We can say that the composition of the current Iraqi parliament 2021 is surprising in terms of the types of the members, compared to the parliament in its last round. As it is no longer limited to the traditional political forces that have been dominating the political scene since 2003, after the new parliament included a number of independents.

Accordingly, this paper presents a reading of the phenomenon of independents, with its dimensions, causes, and repercussions on the current political scene in Iraq, especially their role as a third party in resolving the crisis of forming the Iraqi government, and reforming the existing approach of the state affair management.

The independent candidate phenomenon in the Iraqi elections

Idiomatically speaking, “independent candidate” in literature is used to refer to the person who works in politics and runs for elections, without being a member of a political party, affiliated with it or listed in its electoral lists. The term has expanded in Iraq to refer to members of emerging political parties.

The phenomenon of independents in Iraq has its justifications and legitimacy, including the necessity of crowding out traditional political forces, and the need to represent the silent majority that periodically boycotts the elections. The public acceptance of this phenomenon has prompted the political parties to classify themselves as independents. This phenomenon, its results, and the reasons for participation and results in the elections can be summarized as follows:

First: The rise of a popular discourse that calls for avoiding partisanship, and receives the support of many opinion leaders, especially in the scientific and academic community.

Second: The belief that the traditional political forces have not committed to addressing the problem of corruption, in addition to the deterioration of infrastructure, and the increase in unemployment rates.

Third: In popular culture and behavior, there is a link between the integration of independence and professionalism.

Fourth: The need for opposition parties that provide a different and alternative voice than the traditional political forces, which are all considered ruling parties in Iraq.

Fifth: The fear of producing a partisan alternative, similar to the existing traditional parties seeking to run the state in several cases according to their narrow partisan interests.

Accordingly; these reasons have led to the rise of popular demands for independents to practice political work, and provided the opportunity for some personalities to participate in the elections. Although democracy requires partisanship, the phenomenon in Iraq was established on a cultural and social basis; its rise is linked in one way or another to the movement that the country witnessed in 2019 and before, as anti-partisanship was promoted, which was evident in the percentages of the demographic distribution of new MPs, with cities in the south and center of Iraq including the highest percentage.
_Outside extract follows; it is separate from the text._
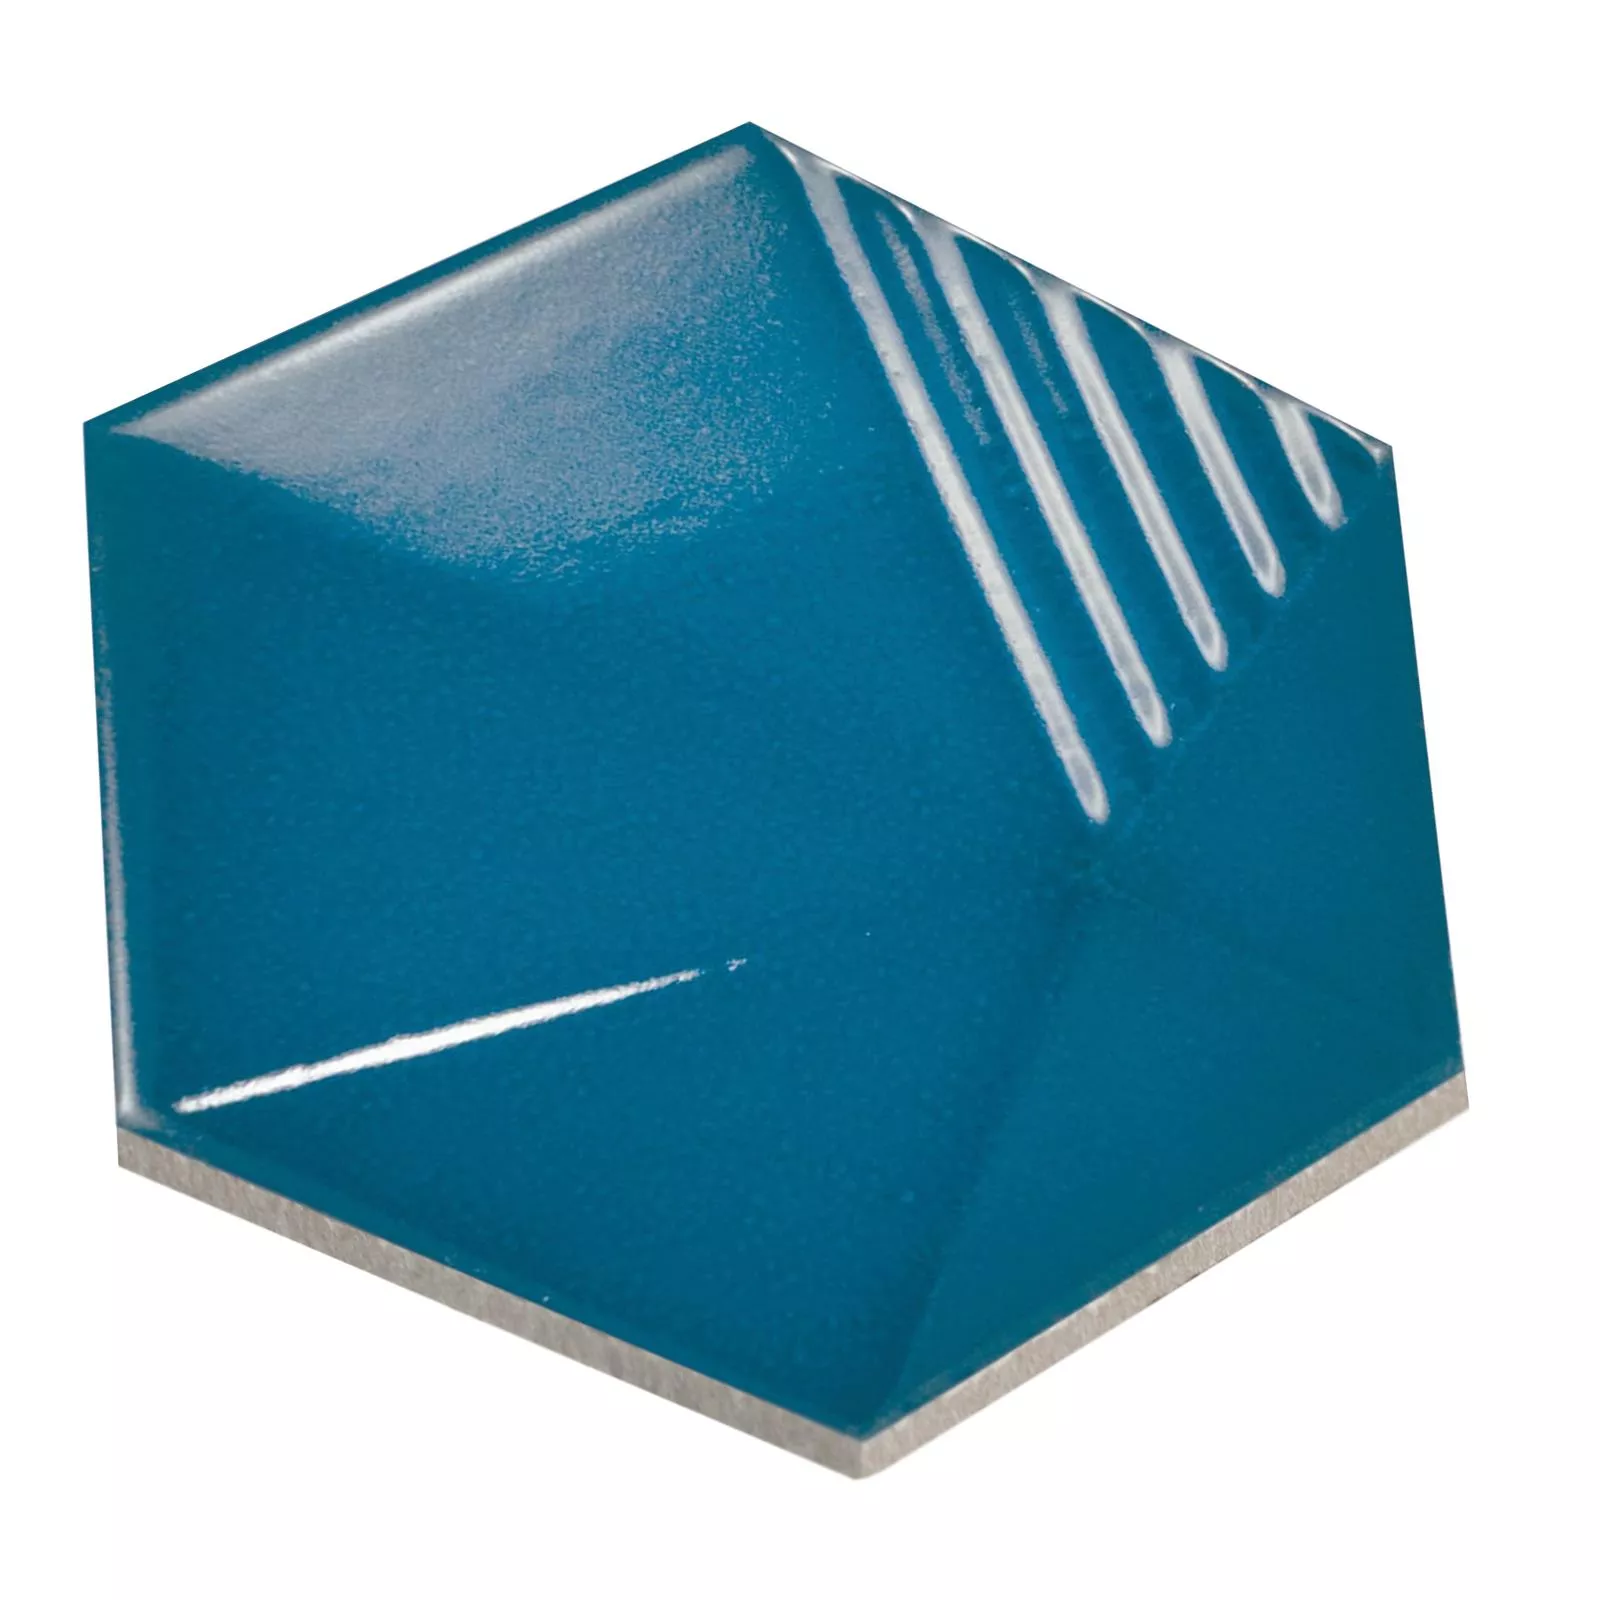 Sample Wall Tiles Rockford 3D Hexagon 12,4x10,7cm Blue

Independent Representatives in the new Council of Representatives

The new independent members of Parliament can be included in three main parties. Some of them are known for their approach that is close to traditional political forces, while others emerged from the October movement in 2019, and the third party is governed to the logic of the alternative created by reference and public demands. The latter is in line with the traditional discourse in terms of the need to preserve the existing political custom, and not be dragged behind the great demands for change.

The three parties obtained a significant number of seats; representing 18% of the total number of seats in the Council of Representatives. The "Emtidad Movement" emanating from the Tishreen movement and the "Ishraqa Kanon bloc" obtained nine and six seats, respectively, in addition to the total other 40 independent seats.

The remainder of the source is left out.